• **What you need to do**
An exact copy of the lines of the listing below between the "RockJock CE-9900JKRA Rear" line and the "Main Image - Free" line, both included, is the whole answer; please omit the pictures.

• **Task data**

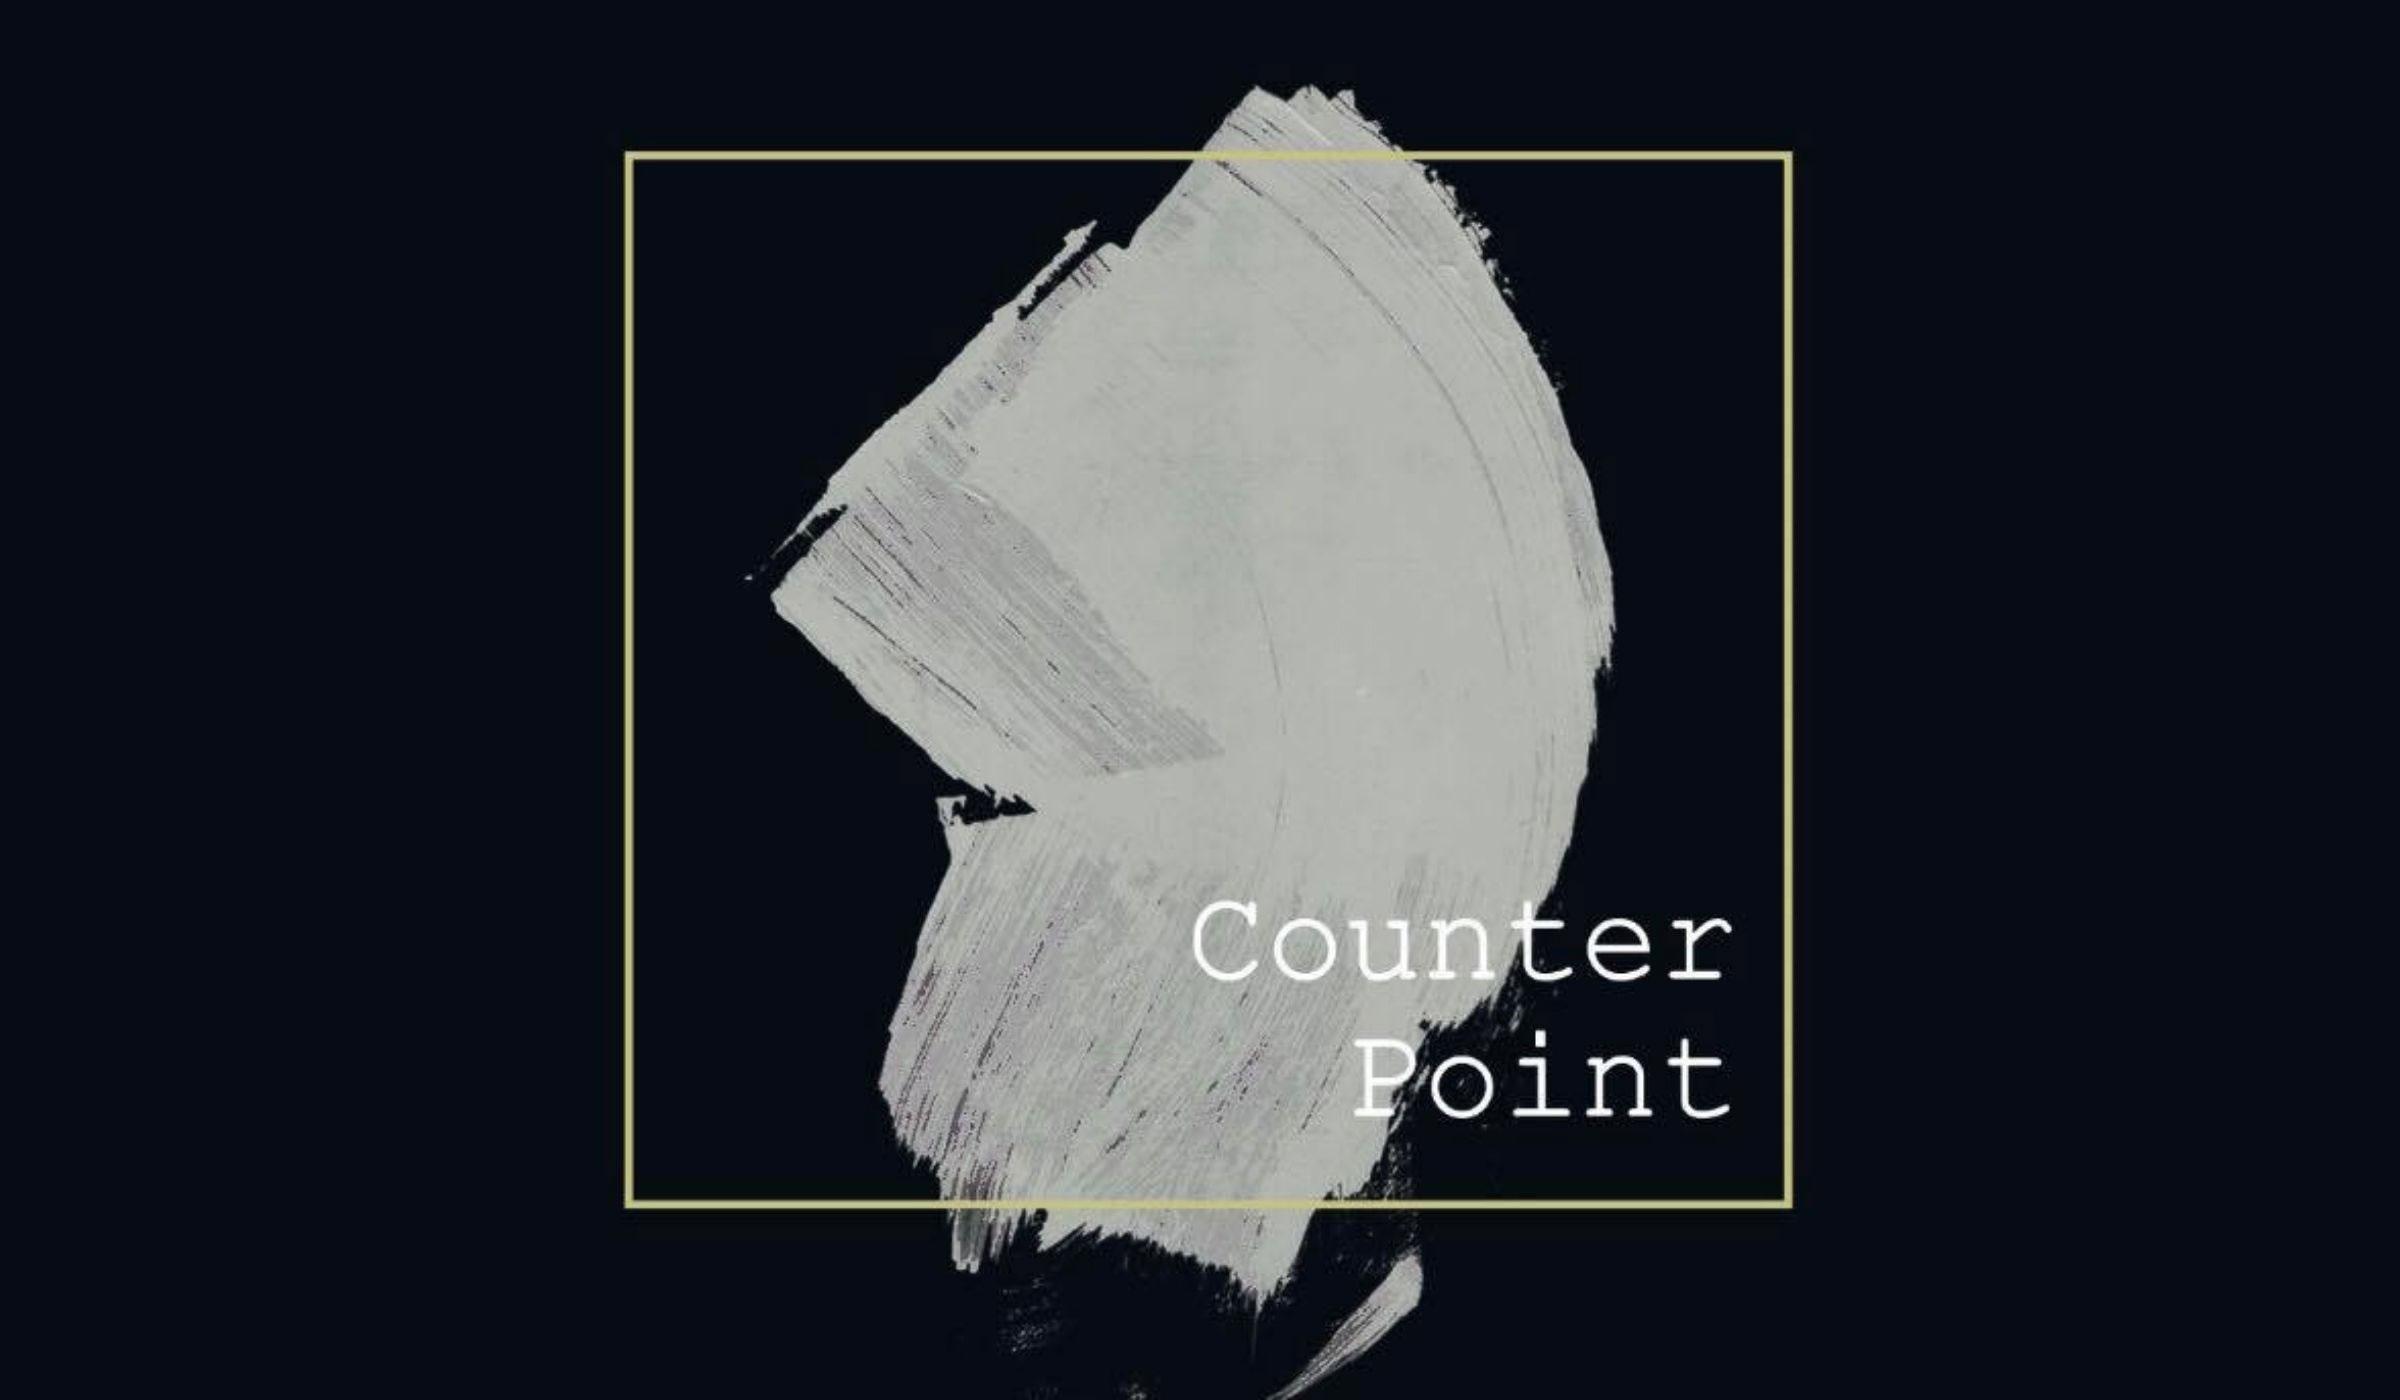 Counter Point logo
* * *
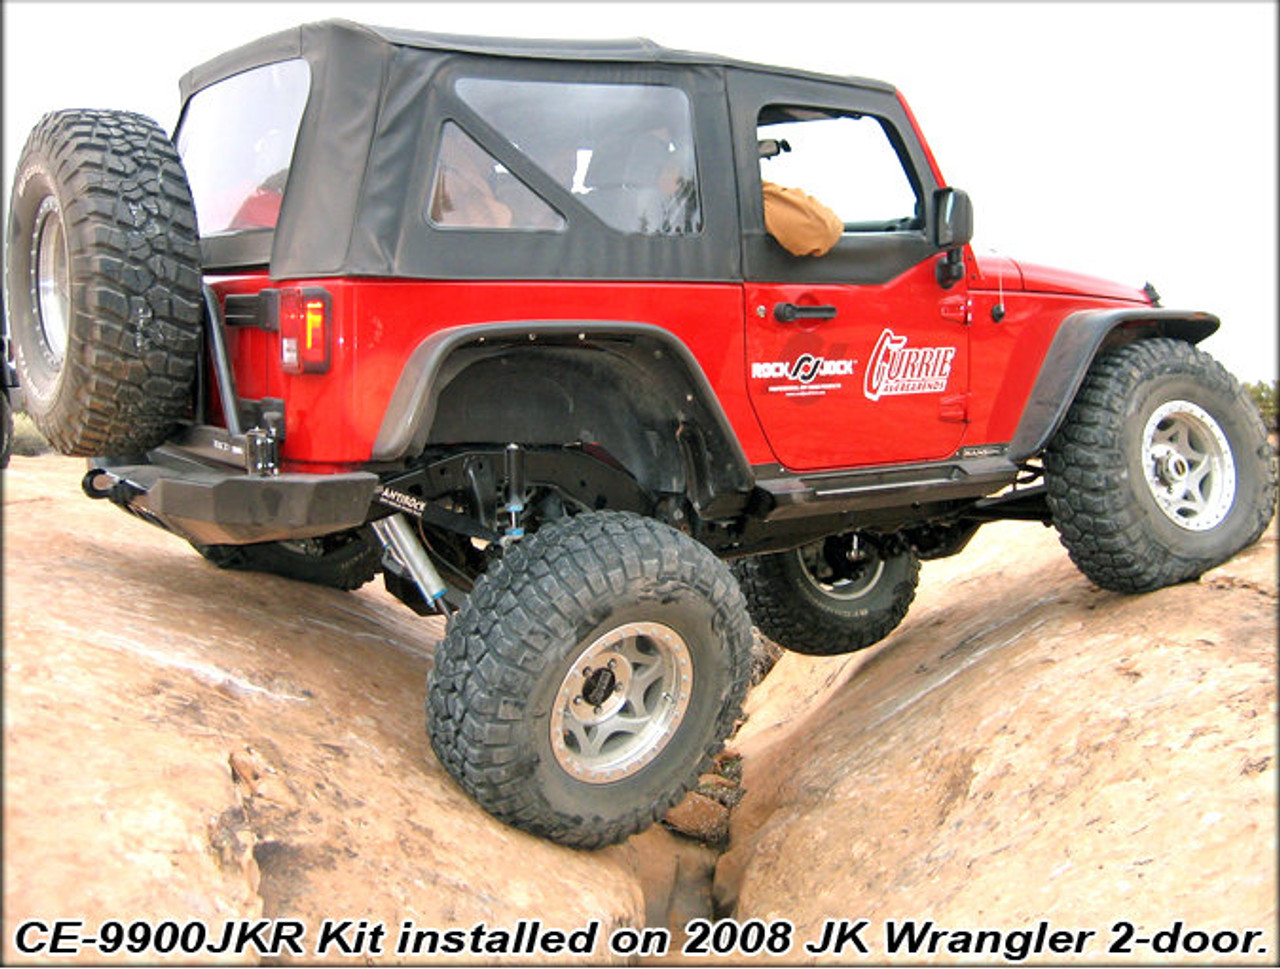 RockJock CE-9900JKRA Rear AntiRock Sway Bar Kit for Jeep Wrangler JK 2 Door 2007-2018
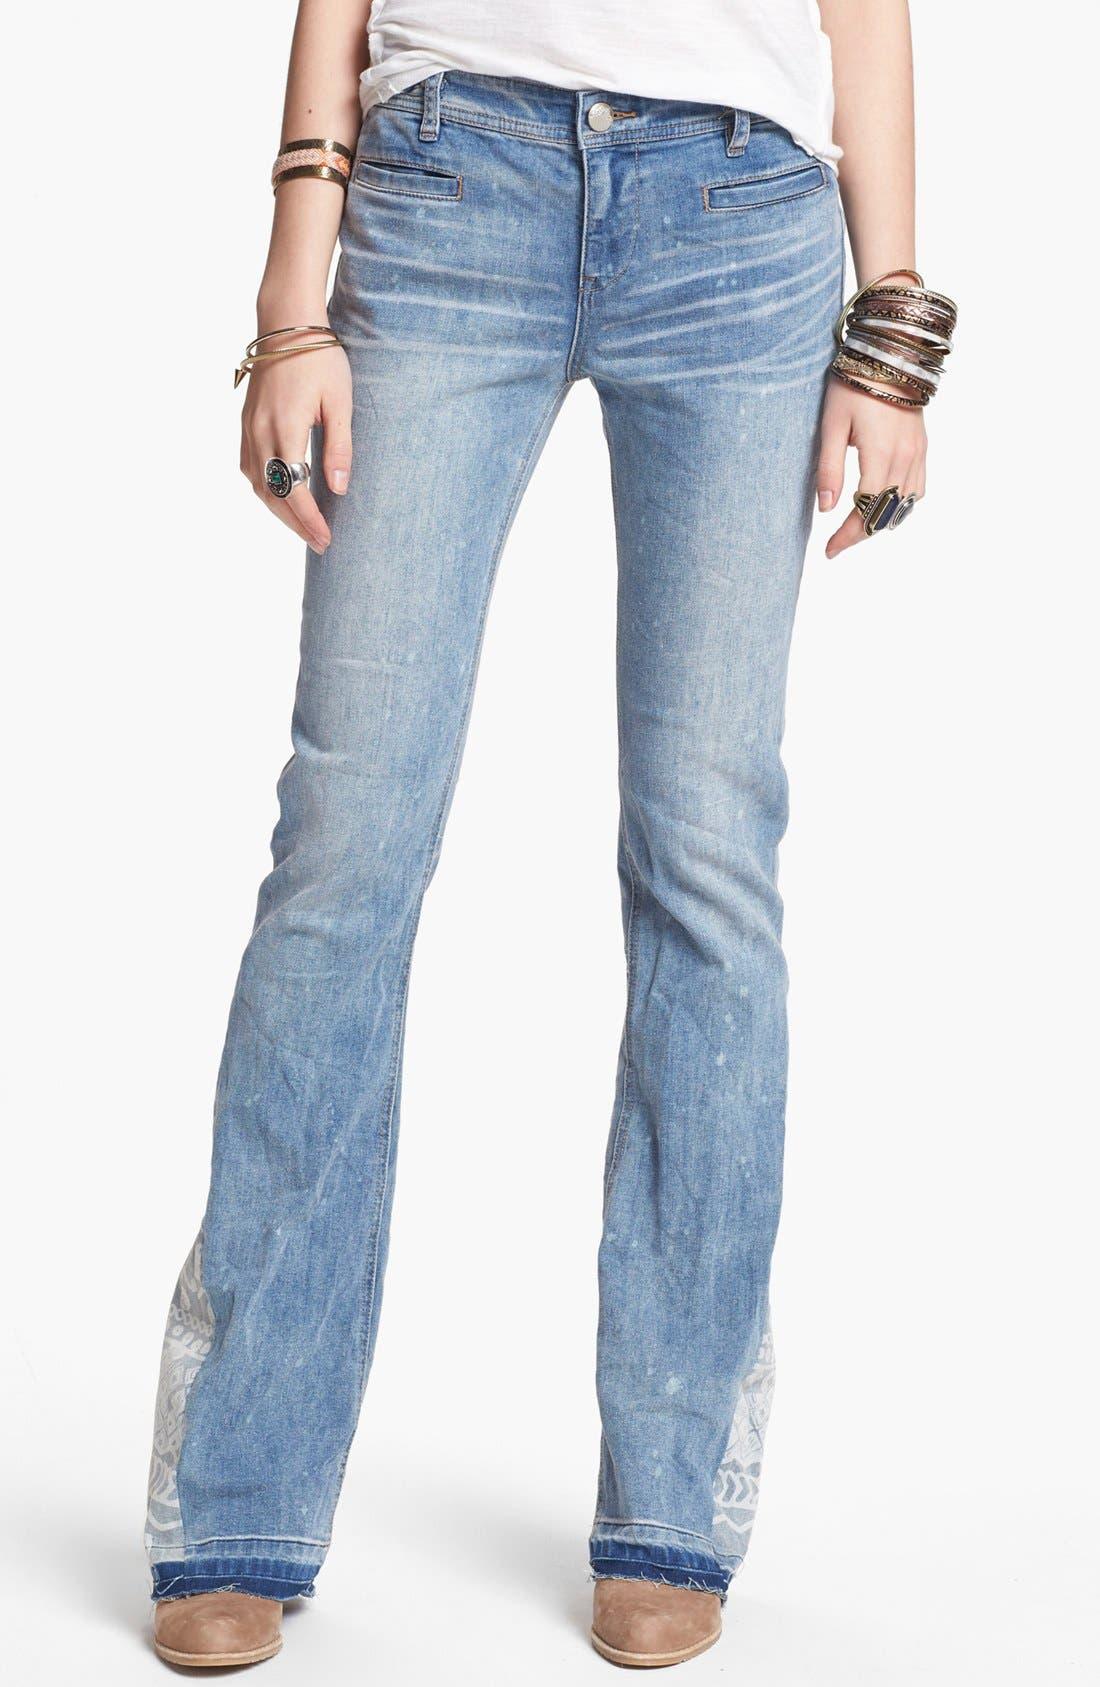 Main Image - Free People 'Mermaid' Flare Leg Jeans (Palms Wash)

• **Final answer**
 RockJock CE-9900JKRA Rear AntiRock Sway Bar Kit for Jeep Wrangler JK 2 Door 2007-2018
 Main Image - Free People 'Mermaid' Flare Leg Jeans (Palms Wash)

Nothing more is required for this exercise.